==== The data

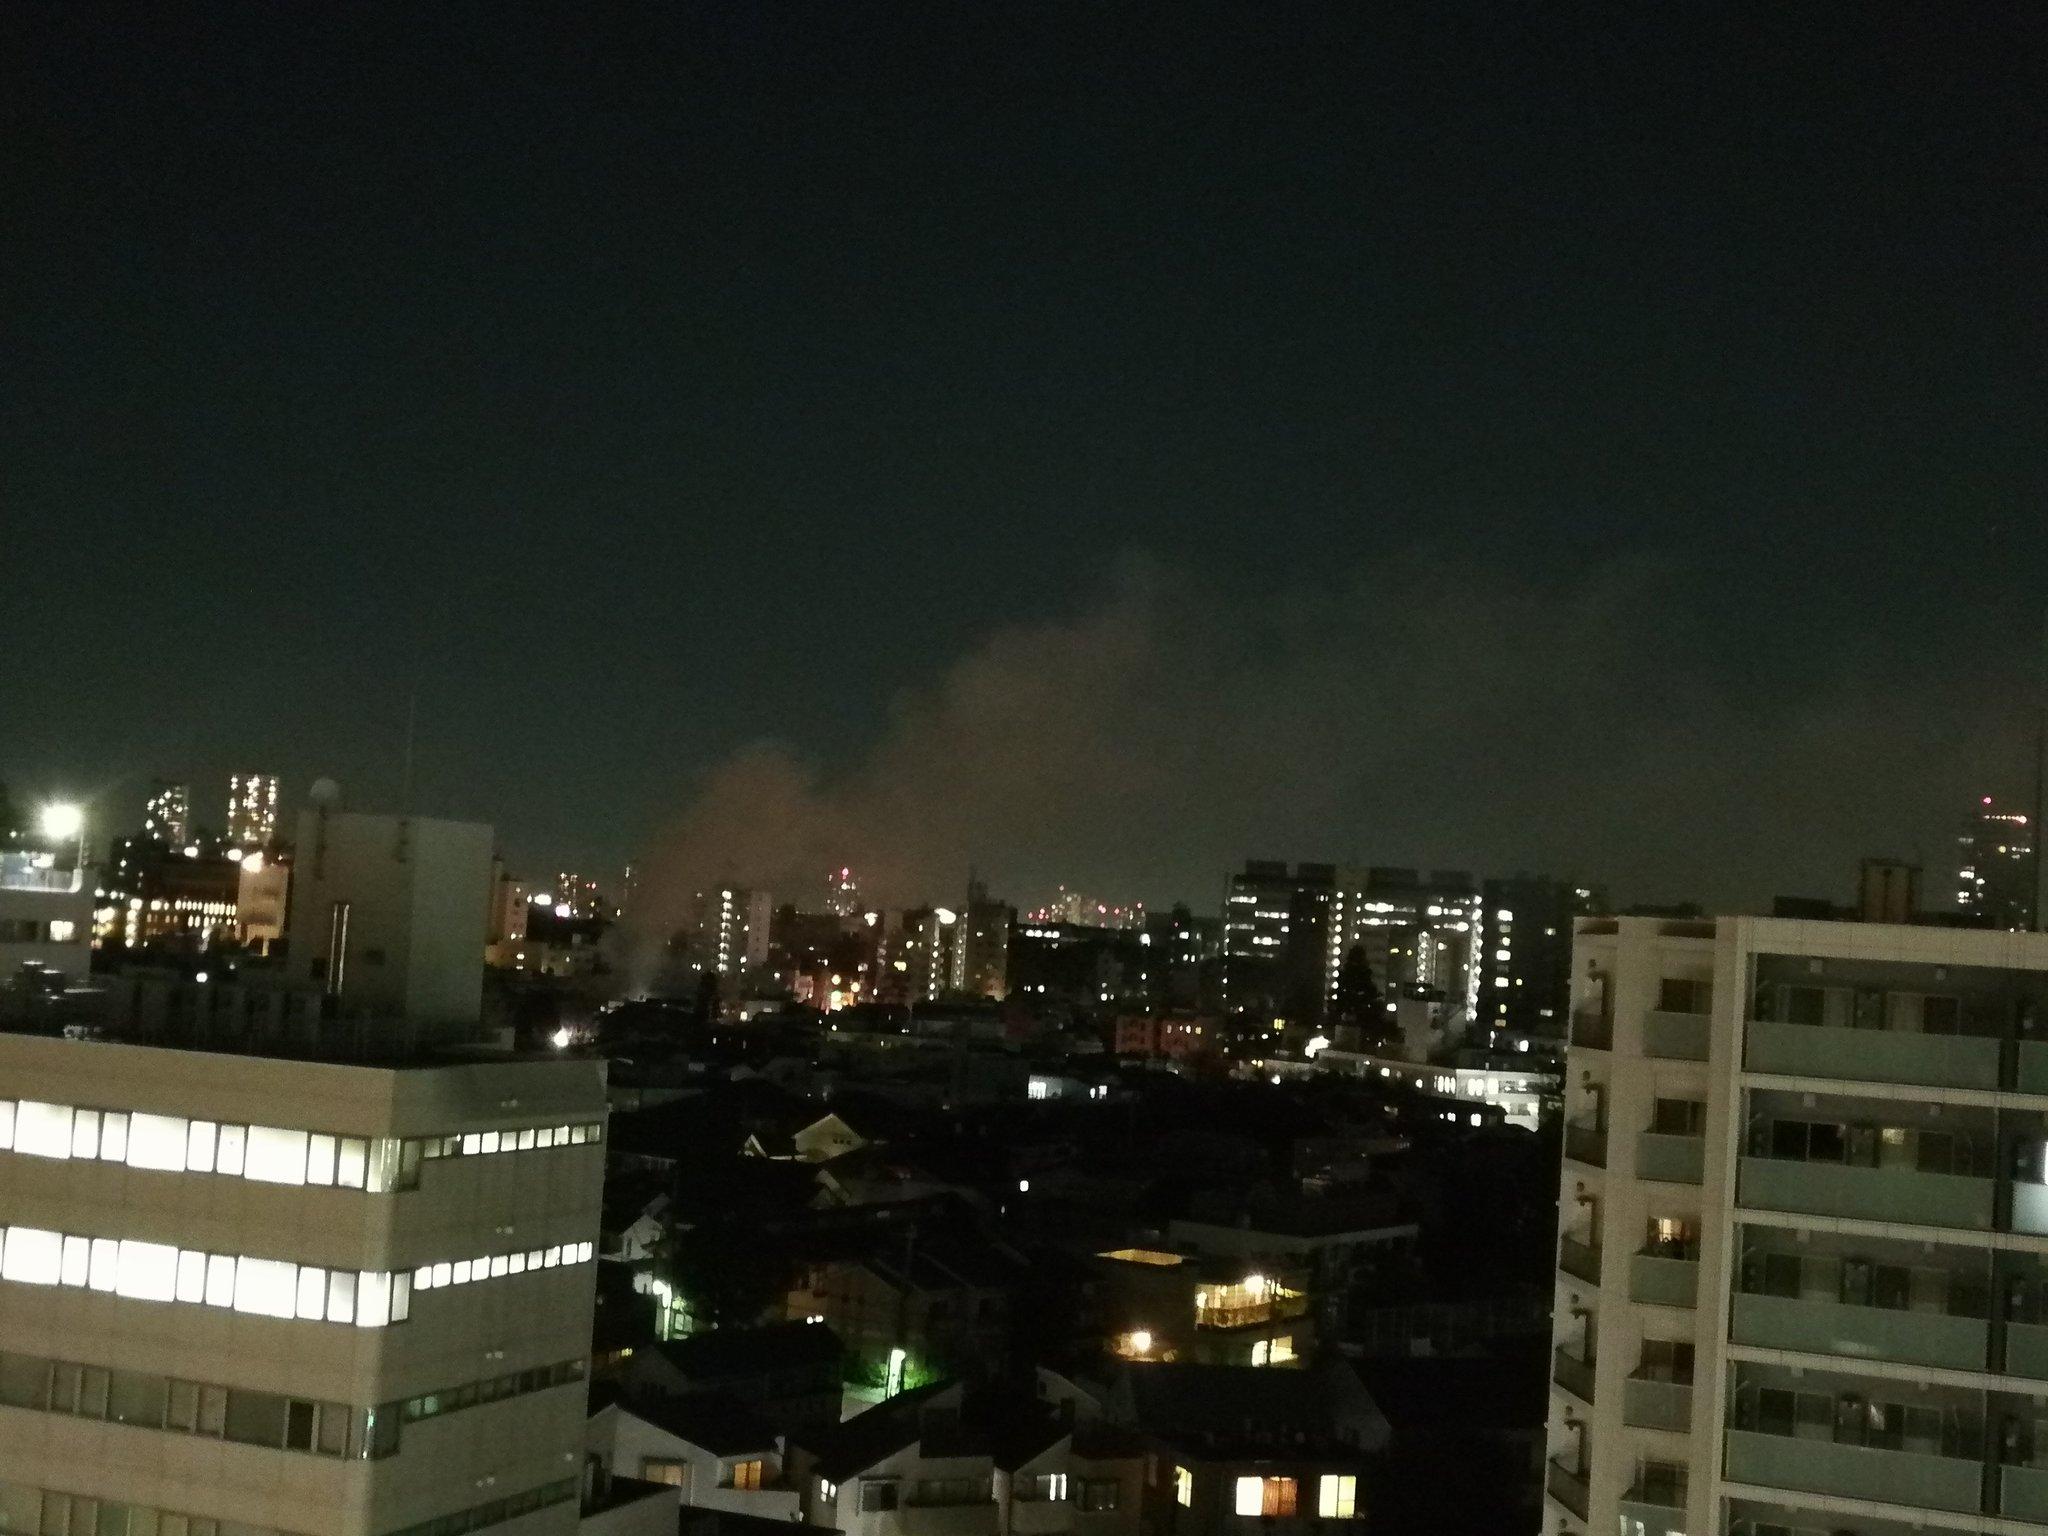 画像,うちの近くで火事のようです。上空にはヘリまで飛んで物々しい感じ。近くの道も封鎖されていました。 https://t.co/OonfSuELMn…
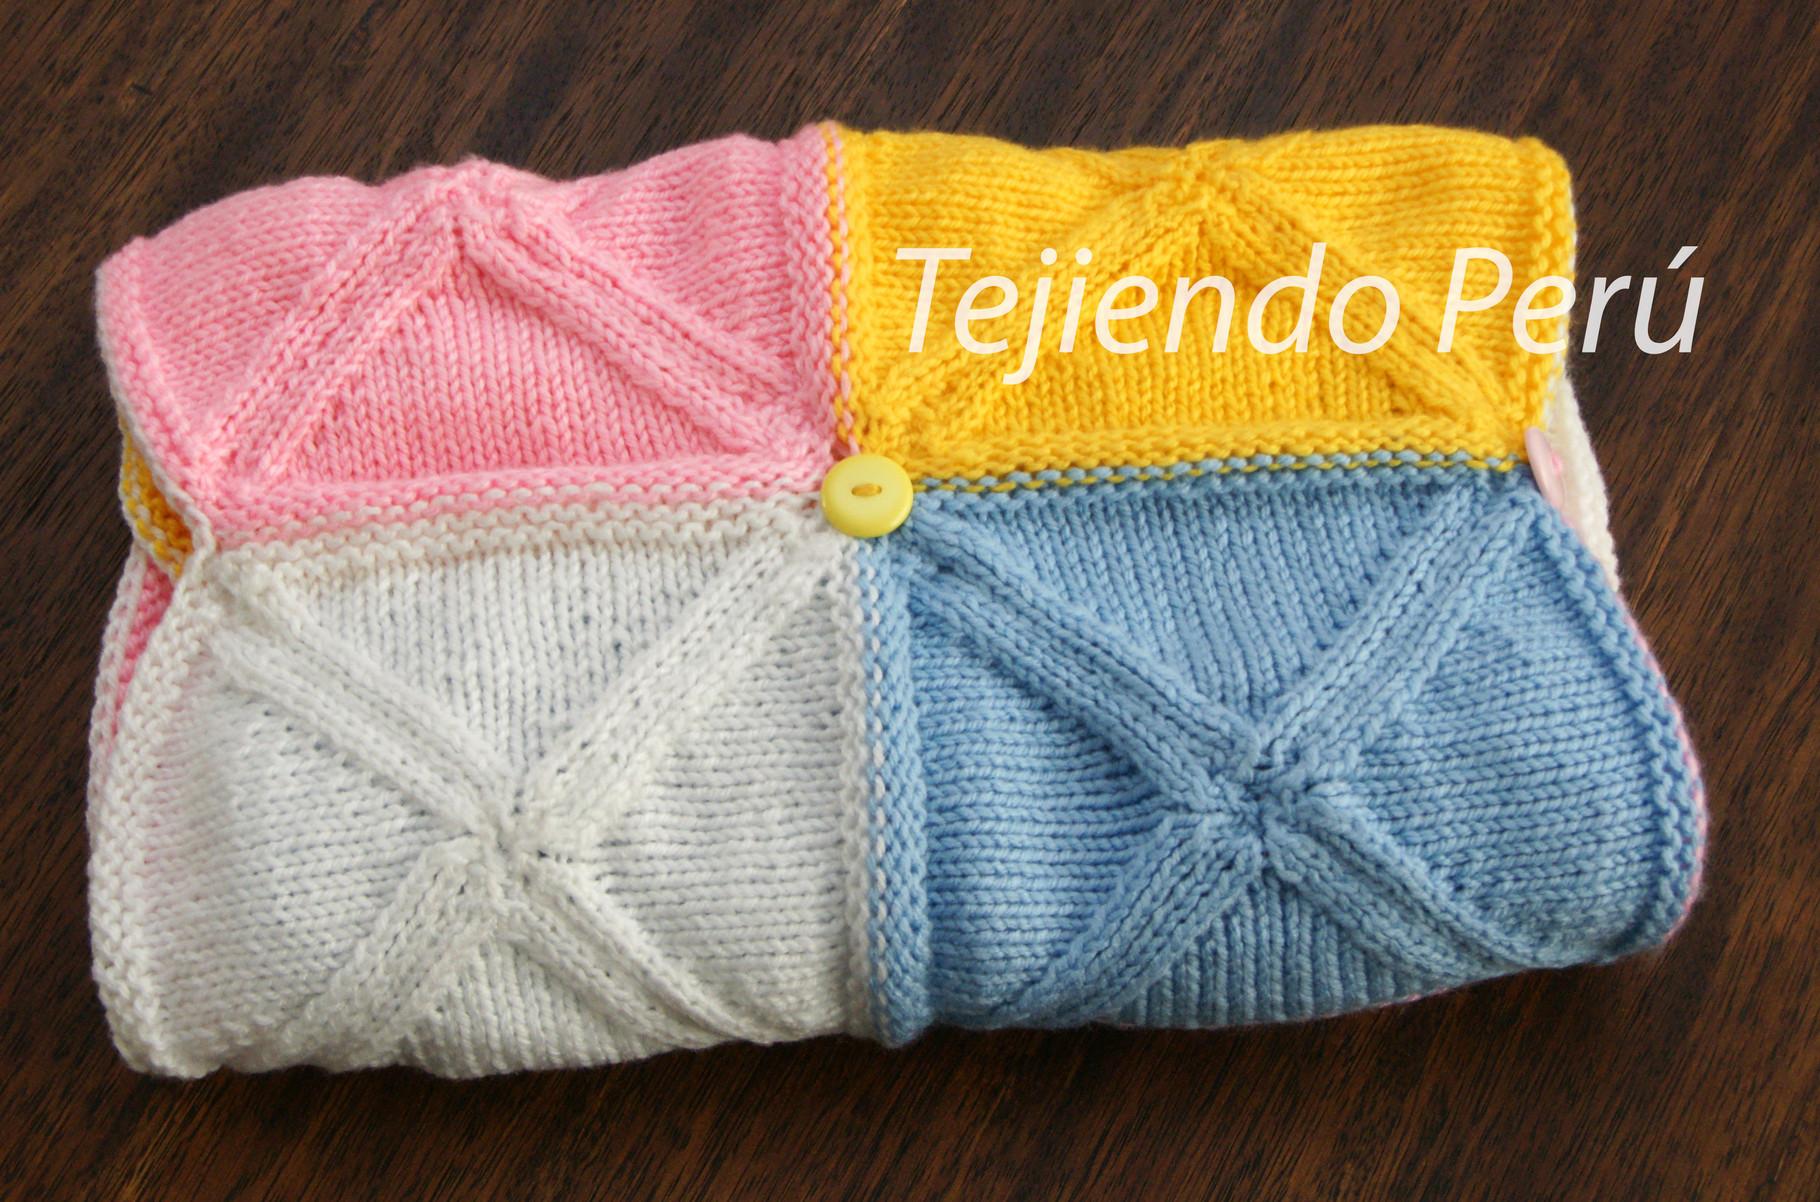 Manta hecha con triángulos tejidos para bebes - Tejiendo Perú
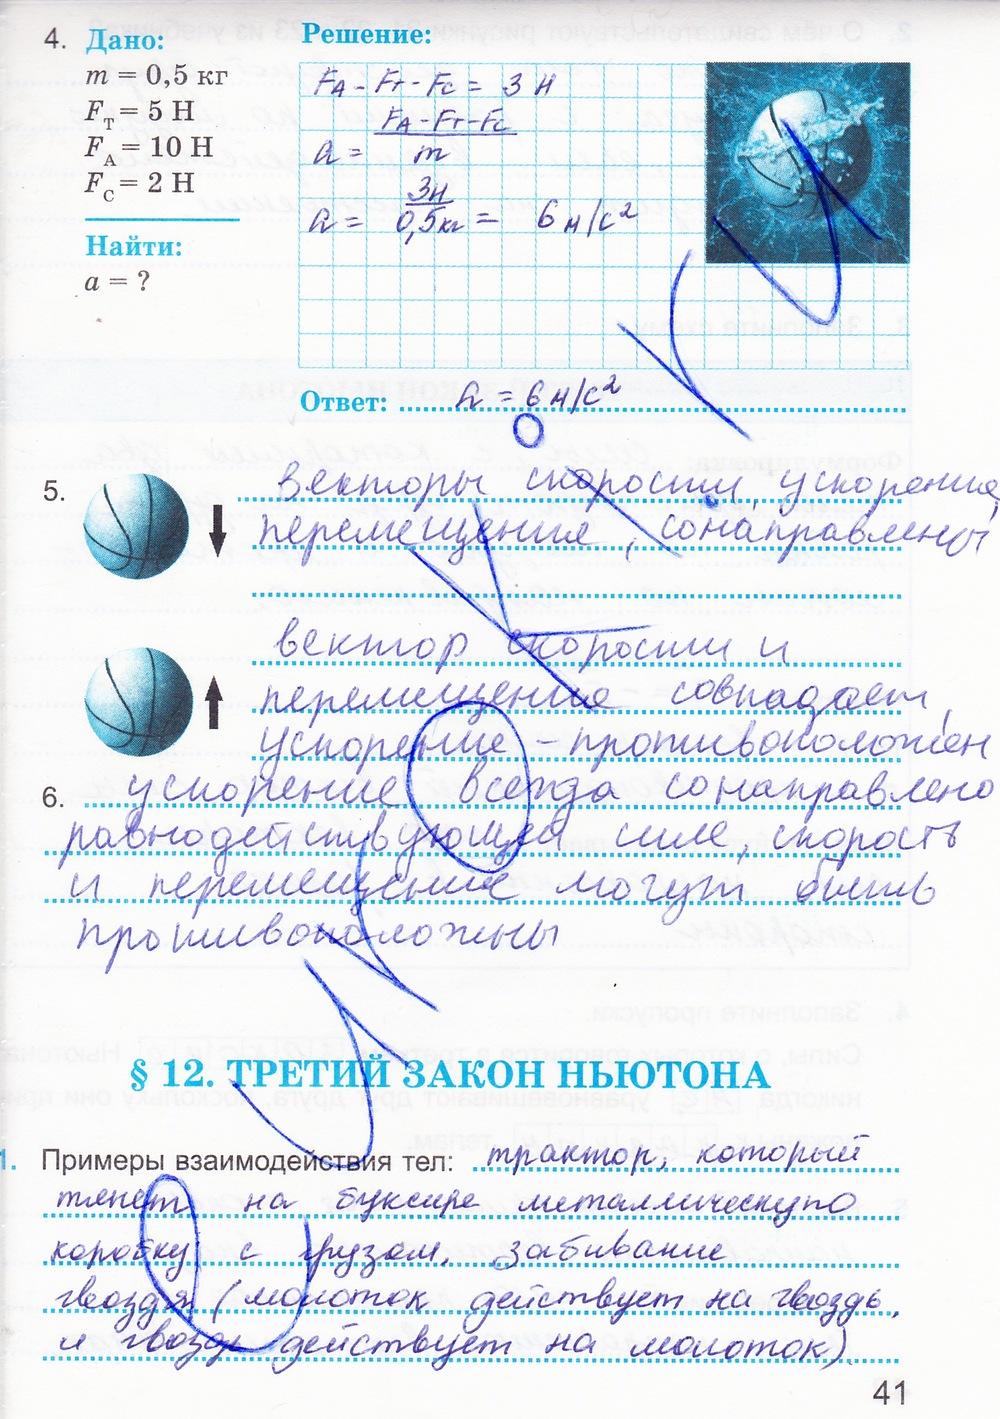 Дмитриева среднего для профессионального образования по гдз физике

========

**Prompt**
Using the data above, print every line exactly, omitting pictures.

**Result for this exercise**
 画像,うちの近くで火事のようです。上空にはヘリまで飛んで物々しい感じ。近くの道も封鎖されていました。 https://t.co/OonfSuELMn…
 Manta hecha con triángulos tejidos para bebes - Tejiendo Perú
 Дмитриева среднего для профессионального образования по гдз физике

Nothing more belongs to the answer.